Em resposta a esses ambientes em mudança, todos aqueles que responderam tiveram que se adaptar; focados coletivamente na construção da resiliência de mulheres e raparigas e no fortalecimento dos sistemas de saúde em resposta não a "se", mas a "quando" o próximo desastre natural ocorrer.

Quando o ciclone Idai atingiu Moçambique em março de 2019, mais de 90 unidades de saúde na parte central do país foram danificadas ou destruídas - impactando gravemente o acesso aos serviços de saúde e produtos que salvam vidas, incluindo a contraceptivos.

Isso, por sua vez, aumenta muito a probabilidade de morte materna sem acesso a cuidados que salvam vidas ou gravidezes indesejadas e não planeadas.
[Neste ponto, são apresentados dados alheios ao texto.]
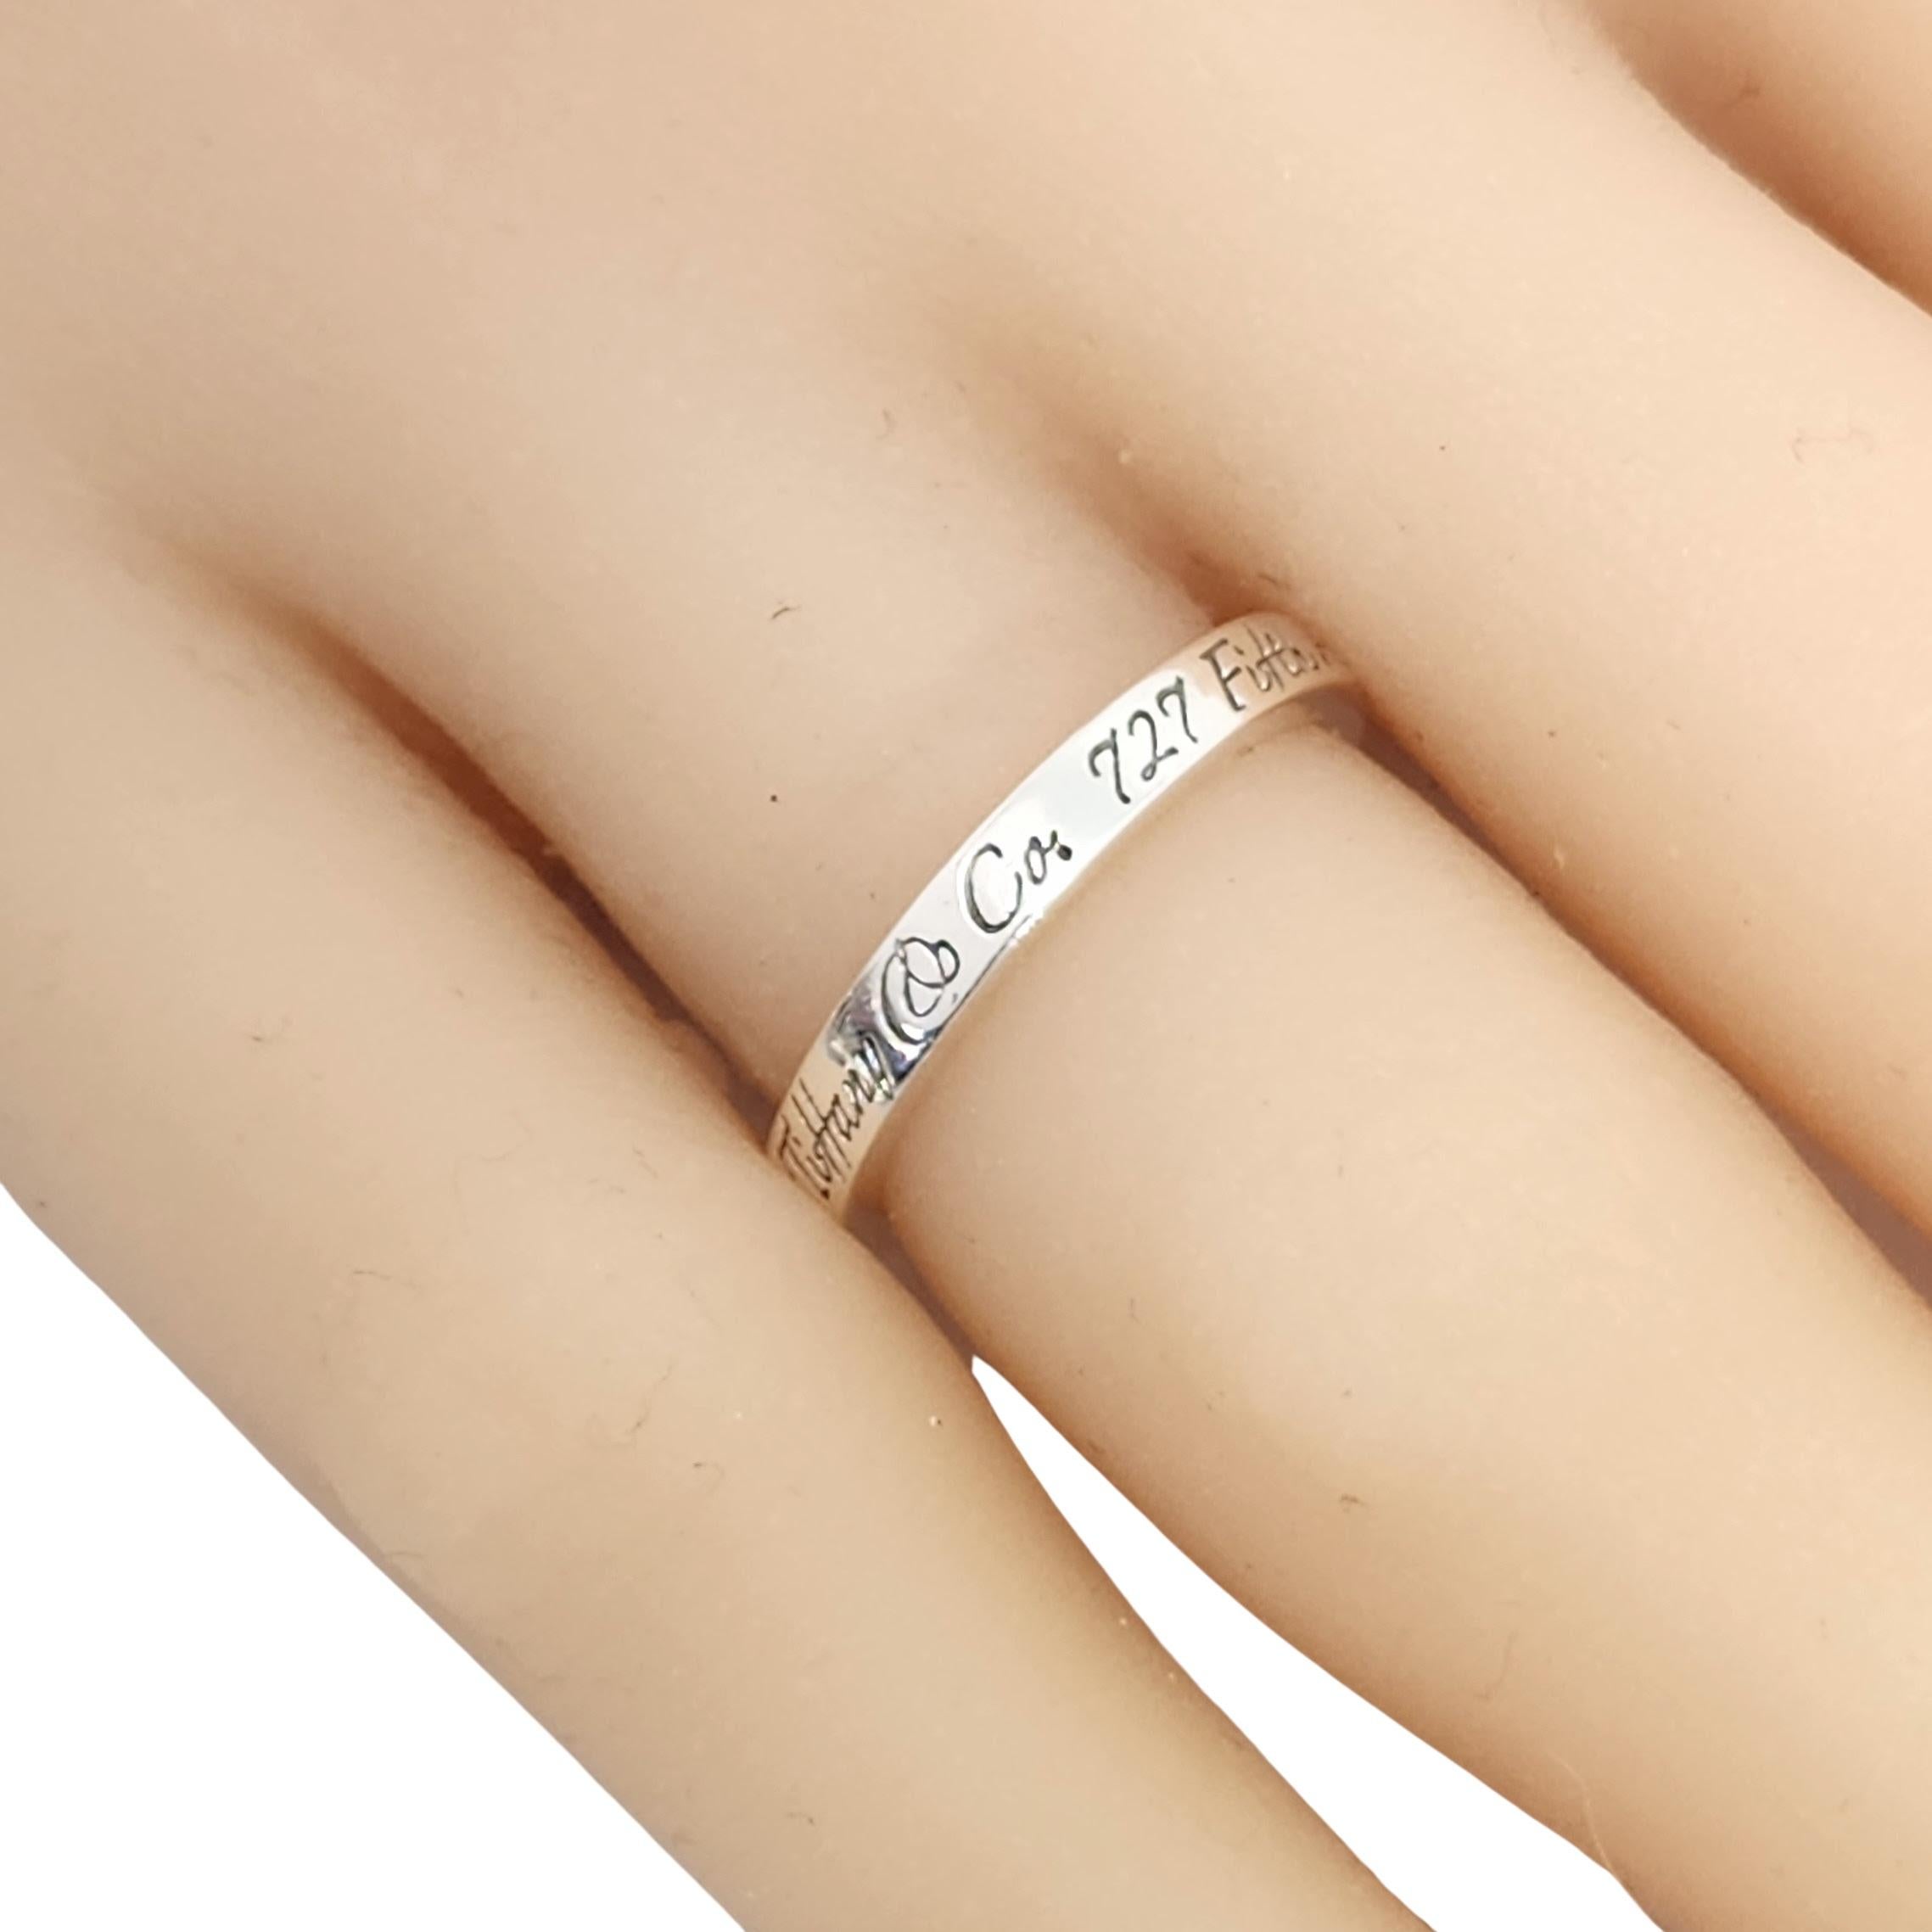 Tiffany & Co New York Address Notes Narrow Band Ring Taille 5,25 n°13007 en vente 5

Para mitigar estes riscos,e reconhecendo os desafios no acesso, clínicas móveis lideradas pelo Governo prestaram atendimento sexual e reprodutivo à distância a 68.000 mulheres e raparigas adolescentes.

Dois anos depois, o trabalho na província de Sofala continua a responder a desastres novos e emergentes - é vital continuarmos a investir na recuperação e resiliência. 

A resiliência climática deve ser focada nos direitos, sensível ao género e centrada nas pessoas - com mulheres e raparigas saudáveis e com poder liderando a ação.

Através do desenvolvimento de 18 espaços seguros, estou orgulhosa que centenas de mulheres foram treinadas para produzir produtos de panificação, tapetes e máscaras faciais para proporcionar uma pequena renda para as suas famílias - tudo isso evitando a propagação da COVID-19. 

Vamos usar o aniversário do Ciclone Idai para lembrar das mulheres como Tina ou Laura, que enfrentaram desafios únicos de género, como mães, mulheres grávidas, cuidadoras primárias, no meio de um desastre natural. 

É vital continuarmos a trabalhar juntos para garantir que investimos na resiliência de mulheres e raparigas, para que a mudança climática não se torne um catalisador para empurrar as mulheres e raparigas ainda mais para trás.